The same process from "How I work" — click a stage to see it in action.
Preparing an advanced German exam is a specific problem: drilling irregular verbs in context, building vocabulary from your own exam material, training the structure of argumentative writing. Generic apps are built for broad audiences and whole languages at once. I knew exactly what wasn't working because I was the user — you can't see a need from the outside.
AI is not the answer to everything — it's a component with a cost. So each feature had to justify its place: verb conjugations are fixed data (309 irregular verbs, preloaded, zero API cost); spaced repetition is a solved algorithm (FSRS, deterministic); but generating fresh, themed example sentences for the exact word you're struggling with — that's where the model earns its keep.
"Use AI only where it creates what code can't: everything predictable runs on deterministic logic; the model generates what has to be new."

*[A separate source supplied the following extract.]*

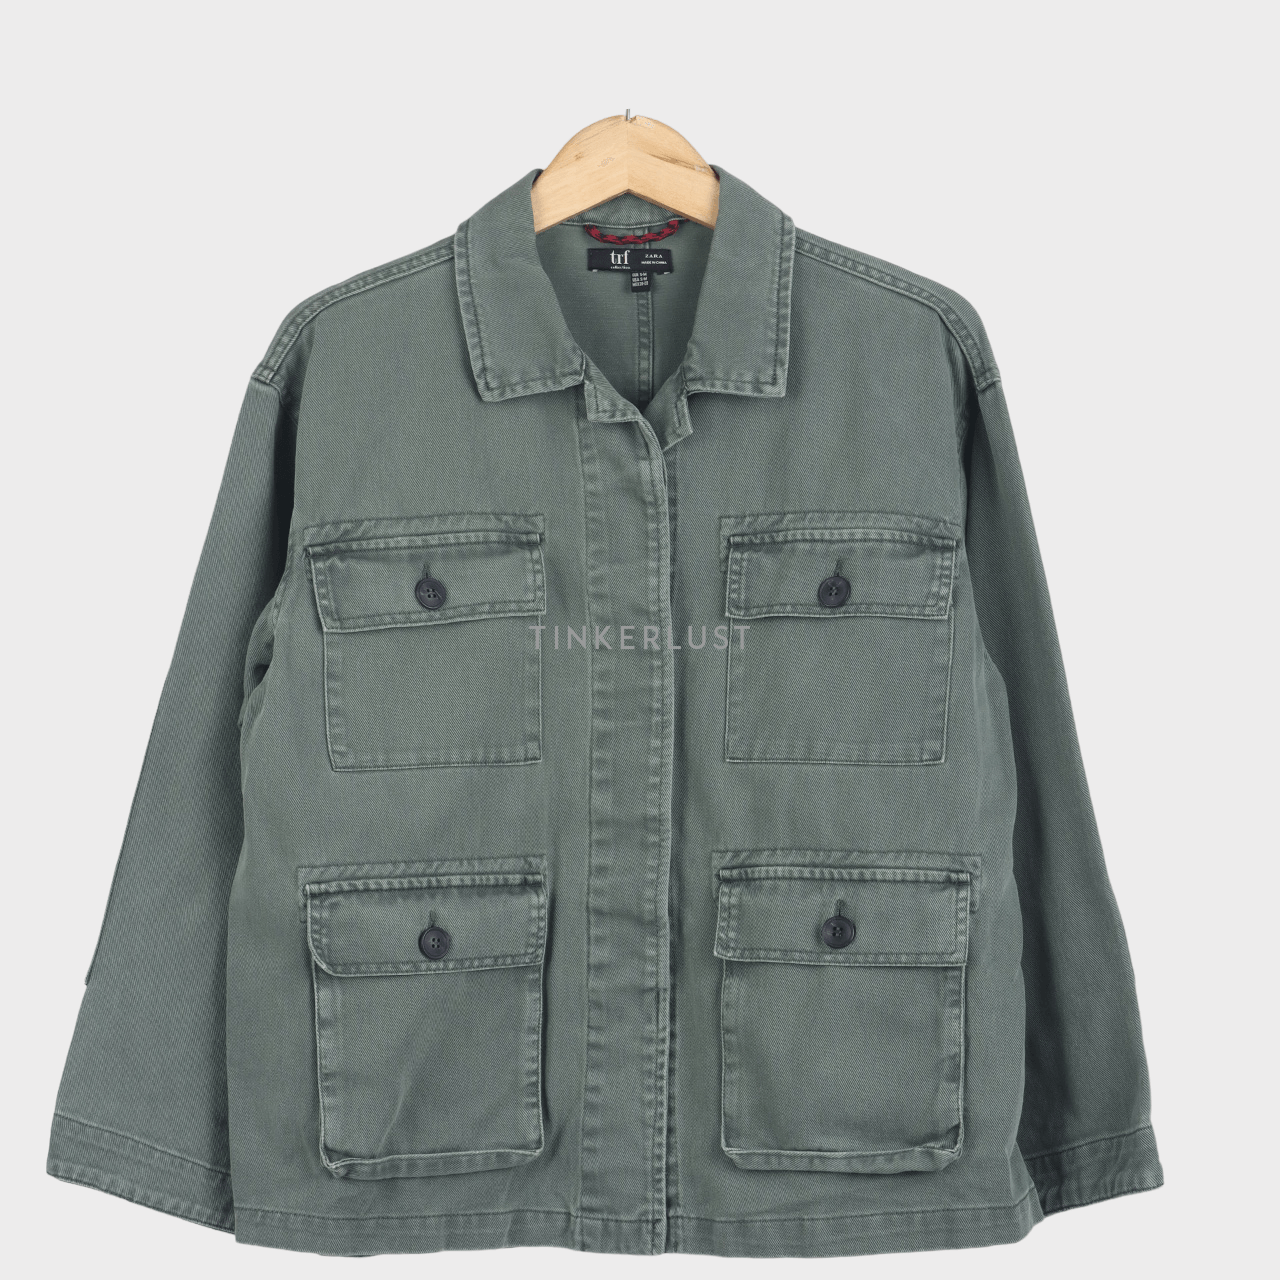 Zara Green Jacket
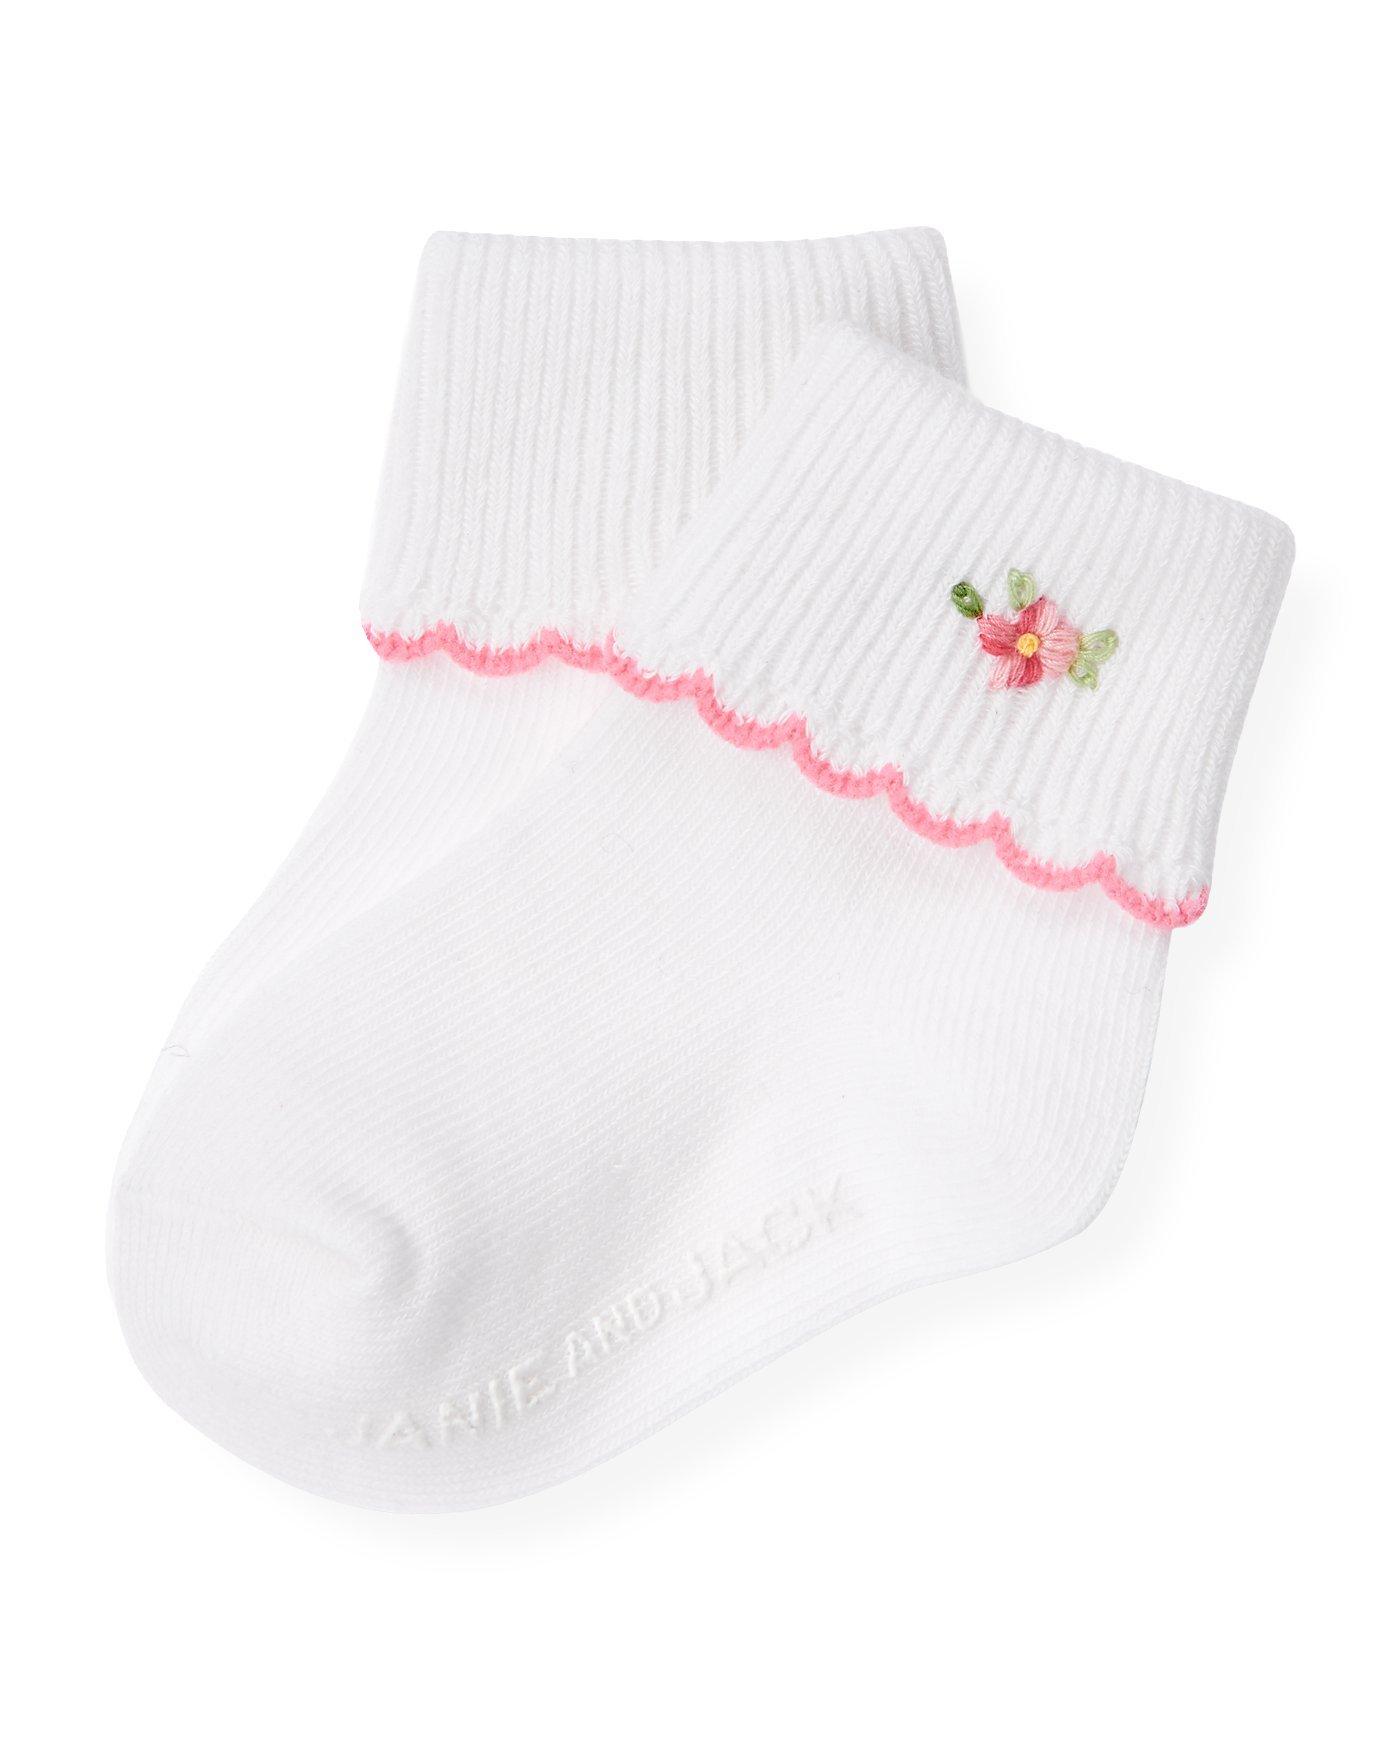 Hand-Embroidered Floral Sock image number 0

For the interaction layer, I borrowed a proven pattern instead of inventing one: Monkeytype-style typing mechanics, because typing full sentences trains production, not just recognition.
Verbtrainer: conjugation drilling for 309 irregular verbs with AI-generated themed sentences. Satzgerüste: vocabulary with FSRS spaced repetition and sentence typing. Plus exam-specific tools for writing practice with official scoring criteria and timers. All on the same stack — Node.js, Express, SQLite, deployed on Railway with API keys server-side — so every new tool ships faster than the last.
Adoption here means something stricter than downloads: a tool either survives my own daily study sessions or it gets rebuilt. Features that looked clever but didn't help retention were cut; the friction I felt at 7 a.m. became that evening's fix. It's the tightest user-feedback loop possible — and the same discipline I'd bring to anyone else's product.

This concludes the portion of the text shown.